Recently, CGCNN (Crystal Graph Convolutional neural network) has been proposed by Xie and Grossman, which requires only the crystal structure of material for classification and prediction tasks. The only information required for the classification and prediction task is the crystal structure of the material, and the crystal graph structure is created from the crystal structure, and the deep neural network predicts the target variable (property value) based on it.
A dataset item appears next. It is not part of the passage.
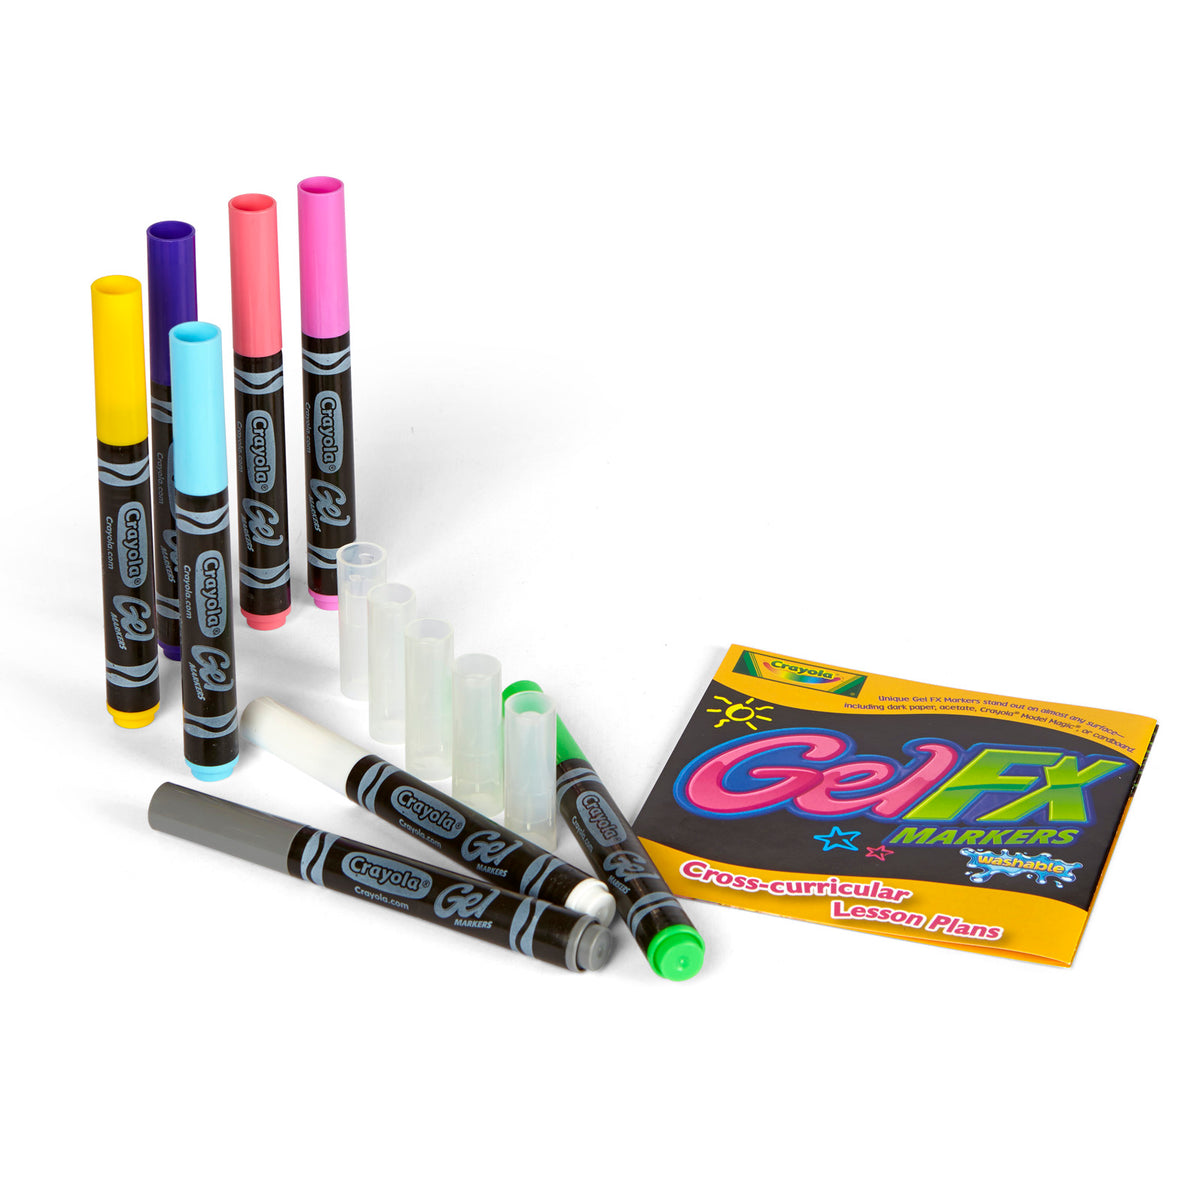 Crayola 80 Count GEL FX Markers Classpack 8 Colors for sale online

When using a descriptor to perform transfer learning, it is important to be able to accurately predict physical properties that have a low correlation with the physical properties used in the pre-training. If the descriptor does not capture the characteristics of the material structure from the ground up, it will not be possible to perform transfer learning for various properties.
In this study, we investigate the performance of a model that combines CGCNN and transition learning (TL).
model building
CGCNN
CGCNN consists of a part to create graph structure from the crystal structure and a part of deep CNN which consists of embedding layer, convolutional layer, pooling layer, and all joining layers.
A crystal graph G is represented as a discrete descriptor of groups of atoms, atomic numbers, and distances between atoms expressed as binary numbers. Nodes represent atoms and edges represent chemical bonds, consisting of a set of atoms in the crystal structure, indirect bonds, atomic properties, and bond properties. This discrete descriptor is then transformed into a continuous descriptor in the embedding layer. The continuous descriptors are then input to the convolution layer.
In the i+1th convolutional layer, the atomic property vector vi is represented as follows
u(i,j)k: bond property vector (the kth bond between the i-th and j-th atoms) Wc: the weight matrix of the convolution, and Ws: weight matrix of self, b: bias of the t-th layer, g: soft plus function, a symbol between v and u: concatenation of v and u
However, the above equation has a problem that it is difficult to recognize the interaction between individual atoms because the atom and bond vectors of all neighboring atoms in the crystal structure share a weight matrix. Therefore, we apply the standard edge-gating technique. To do so, we use a vector z(i,j)k that summarizes the features between neighboring atoms to represent the atomic property vector vi as follows
σ: sigmoid function, ○: element-wise multiplication of σ
Xie and Grossman report better prediction performance using this method. vi is then input to the pooling layer. In this case, average pooling is used to obtain the crystal feature vector vg.
N is the number of atoms in the crystal graph
Finally, vg is input to the full coupling layer. Here, the system is trained to calculate the objective variable (property value) from vg using a nonlinear function.
TL-CGCNN
In this study, fine-tuning is employed as a method to incorporate parameters optimized by pre-learning.
Incidentally, tanh standardization was performed to align the scales of the objective variable (property values) between the pre-training task and the objective task.
About datasets and training
The crystal structures of the materials and the corresponding physical properties such as bandgap energy (Eg) and formation energy (ΔEf) were prepared from the Materials Project Database (MPD), an ab initio database. energy (ΔEf) The TL-CGCNN models were pre-trained with data from the
(If you are interested in learning more about the details of the study, you can refer to the paper.)
Results and Discussion
Comparison between CGCNN and TL-CGCNN
In the following, the model is shown as follows.
Ex.) 500-NM-Eg: The target variable is the bandgap energy (Eg), the number of training data is 500, and only data of nonmetallic material (NM) are used.
Most of the materials we work with are bulk (not nanoparticles, thin films, etc.) inorganic materials.
The following figure shows a scatter plot between the formation energy (ΔEf) and the bandgap (Eg) for all 118286 materials in the database. The correlation coefficient (rp) in the linear regression is -0.49. There is no strong correlation between the properties.
The color scale represents the relative density obtained by Gaussian kernel density estimation.
The following figure shows the correlation between dataset size and prediction error for the respective prediction tasks of Eg and ΔEf in CGCNN.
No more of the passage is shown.